Une autre fois, un de nos programmeurs a fait une petite blague aux autres membres de l’équipe et a changé une palette de couleurs dans le jeu. Le résultat a été un ciel avec toutes les couleurs de l’arc-en-ciel. Nous en avons beaucoup ri, mais il est évident que cela ne correspondait pas tout à fait à l’humeur du jeu. Nous avons dû réagir d’une manière ou d’une autre et ne pas nous sentir dépassés par le ton sérieux, voire triste, du jeu.
- Quel a été l’impact de ce jeu sur votre studio ?
11B : Ce fut vraiment un moment décisif. Le succès du jeu a contribué à renforcer notre confiance, et notre conscience de soi en ce qui concerne le chemin que nous voulions prendre avec nos jeux.

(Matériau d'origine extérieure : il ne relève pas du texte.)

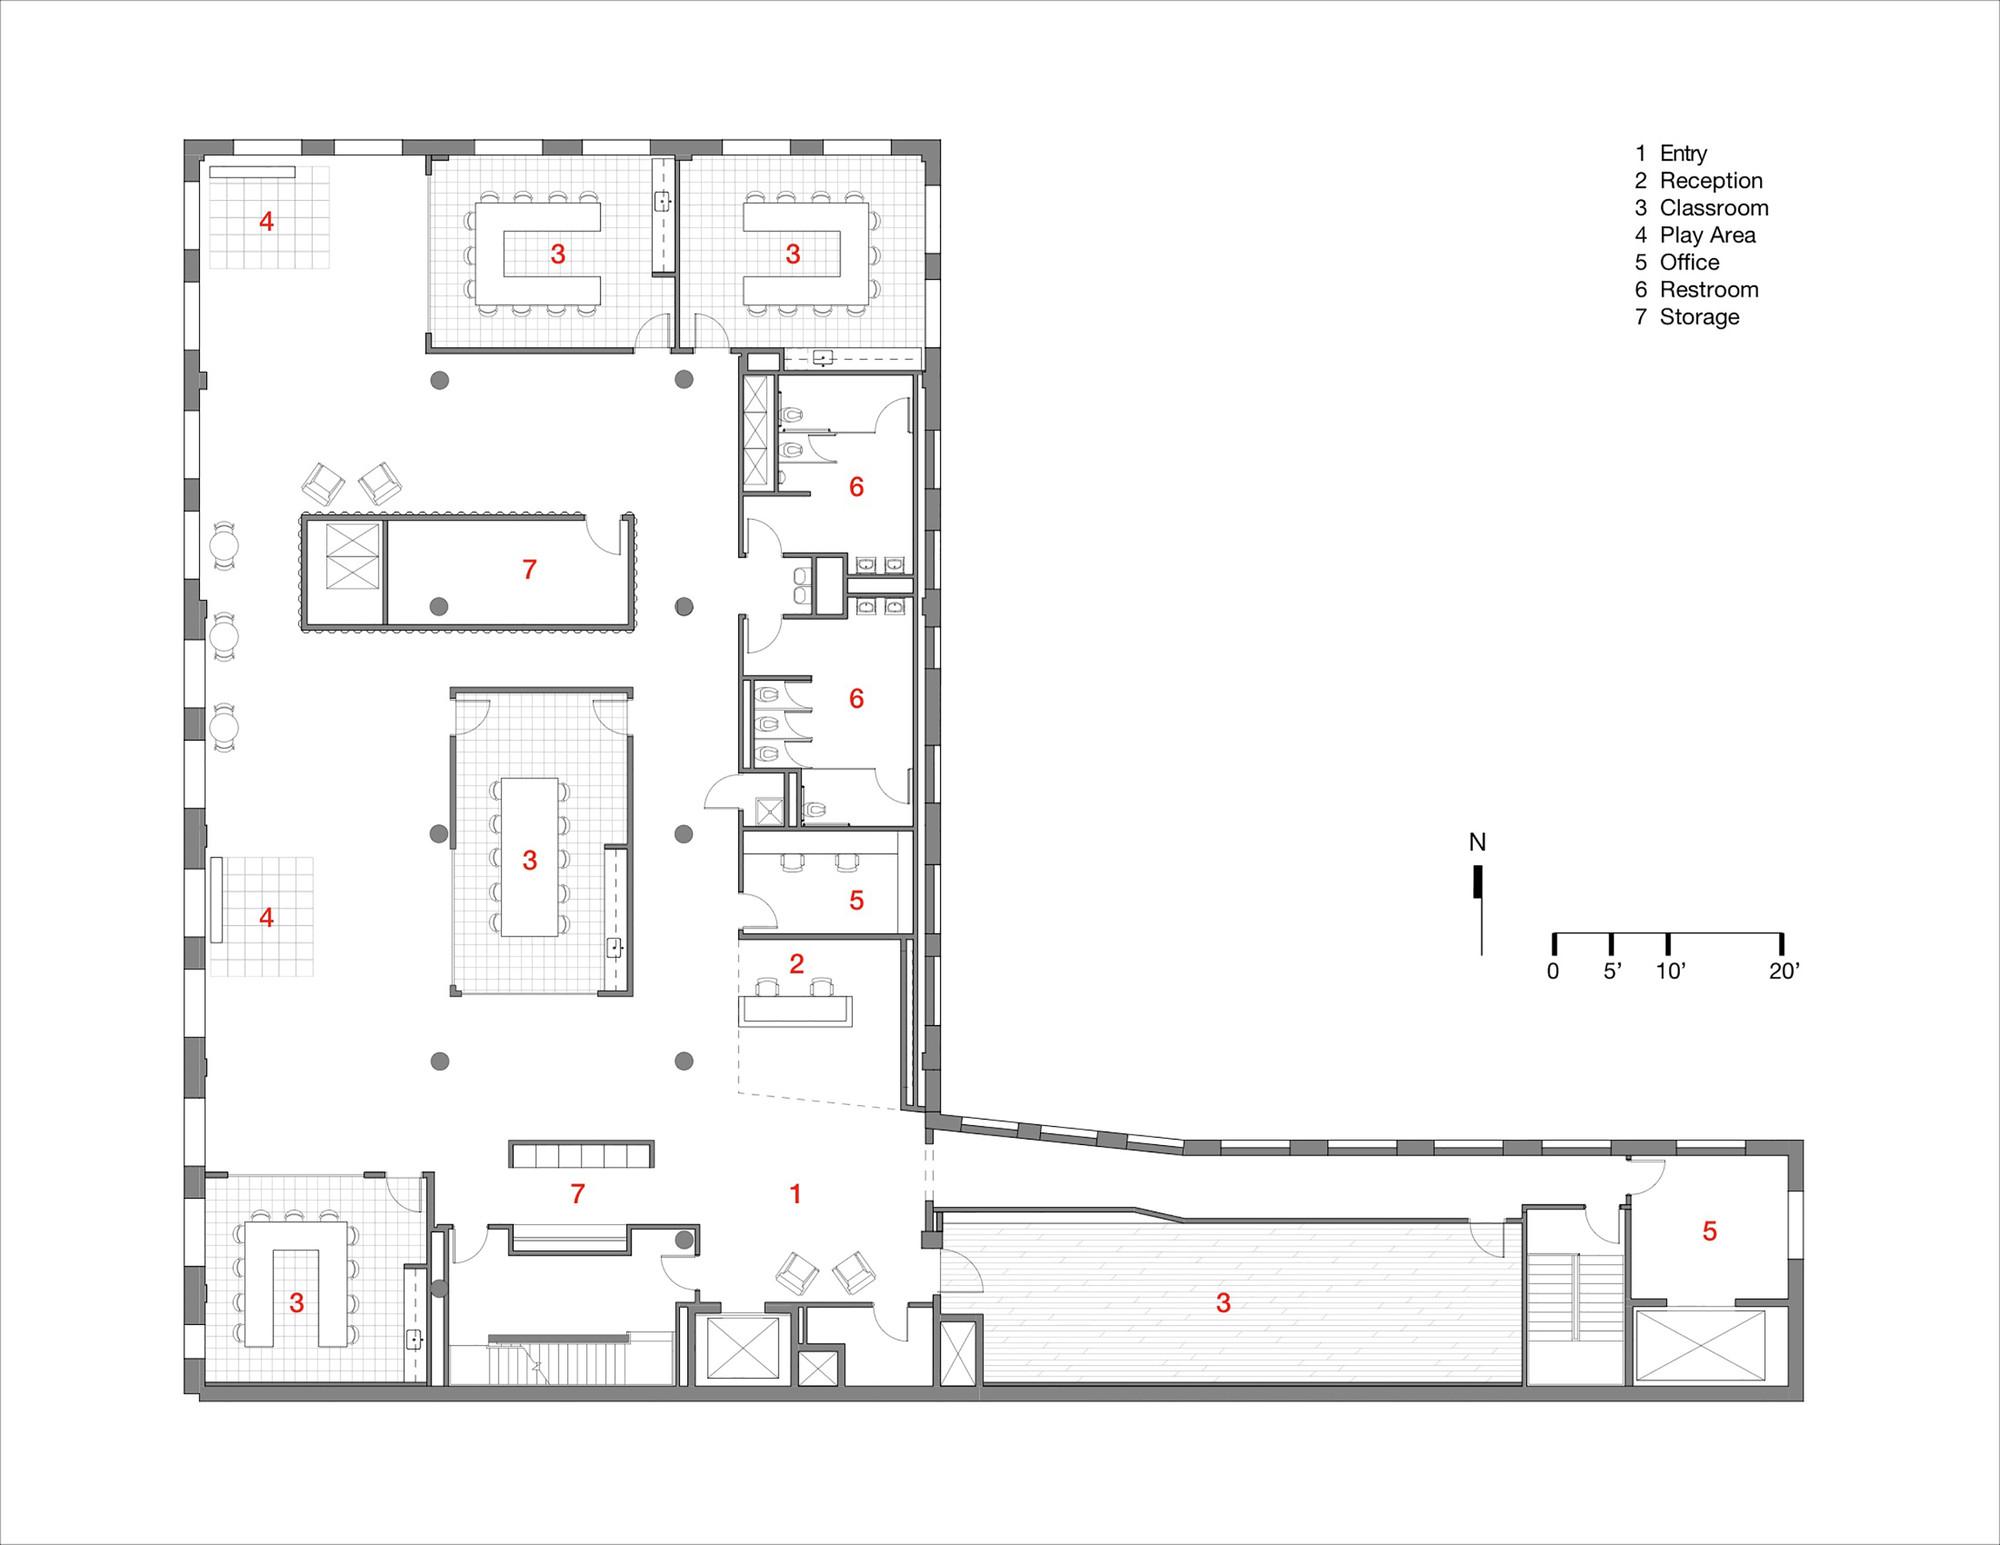 Science Research Floor Plan

Et pour des raisons purement pratiques, le succès financier nous a donné la possibilité de croître régulièrement et de construire une entreprise sur des bases solides.
Nous avons fini par soutenir le jeu avec du nouveau contenu pendant cinq ans après son lancement et, bien que la mise à jour de The Final Cut soit le dernier chapitre de cette histoire, This War of Mine restera toujours un jeu très spécial dans le cœur de tous ceux qui travaillent dans nos studios.
- Et dans l’équipe, vous jouez à quels jeux ?
11B : Nous aimons vraiment jouer à toutes sortes de jeux. Des superproductions AAA aux indés en tous genres. Je vais parler au nom de l’équipe qui, ici, est un peu nerd à sa façon. Certains jouent à des jeux artistiques de niche, d’autres aiment les stratégies hardcore avec des interfaces à n’en plus finir, d’autres encore préfèrent les aventures classiques en point’n click, ou les jeux d’aventure-action en FPS.
Nous essayons également d’entretenir des relations étroites et amicales avec certaines équipes indépendantes dont nous aimons particulièrement les jeux, que nous ne citerons pas de peur d’oublier quelqu’un ! Toutefois, nous publions des informations sur certains des lancements dans nos médias sociaux pour maintenir le sentiment que nous poussons ce chariot de l’industrie du jeu ensemble, et non pas chacun dans sa propre direction.
- Un mot pour les personnes qui ne connaissent pas encore votre jeu ?
11B : Si vous n’avez pas encore essayé This War of Mine et que vous souhaitez vous plonger dans un jeu qui vous fait vivre une facette différente de la guerre, en incarnant des gens ordinaires, alors sautez le pas ! Laissez-moi également vous donner quelques informations sur l’équipe : ici, dans les studios 11 bit, nous faisons de notre mieux pour vous offrir des expériences significatives. Et cela ne veut pas dire que tous nos jeux sont dépressifs et sombres.
Parmi les jeux que nous réalisons, nous publions ceux qui sont réalisés par des studios avec lesquels nous partageons une sensibilité artistique. Moonlighter de Digital Sun et Children of Morta de Dead Mage ont été nos premiers grands succès dans ce domaine. Et nous ne nous arrêterons pas là. Nous prenons de la vitesse, avec trois projets internes en cours de développement, à côté de trois projets d’édition réalisés par des développeurs externes. Vous entendrez donc beaucoup parler de nous à l’avenir.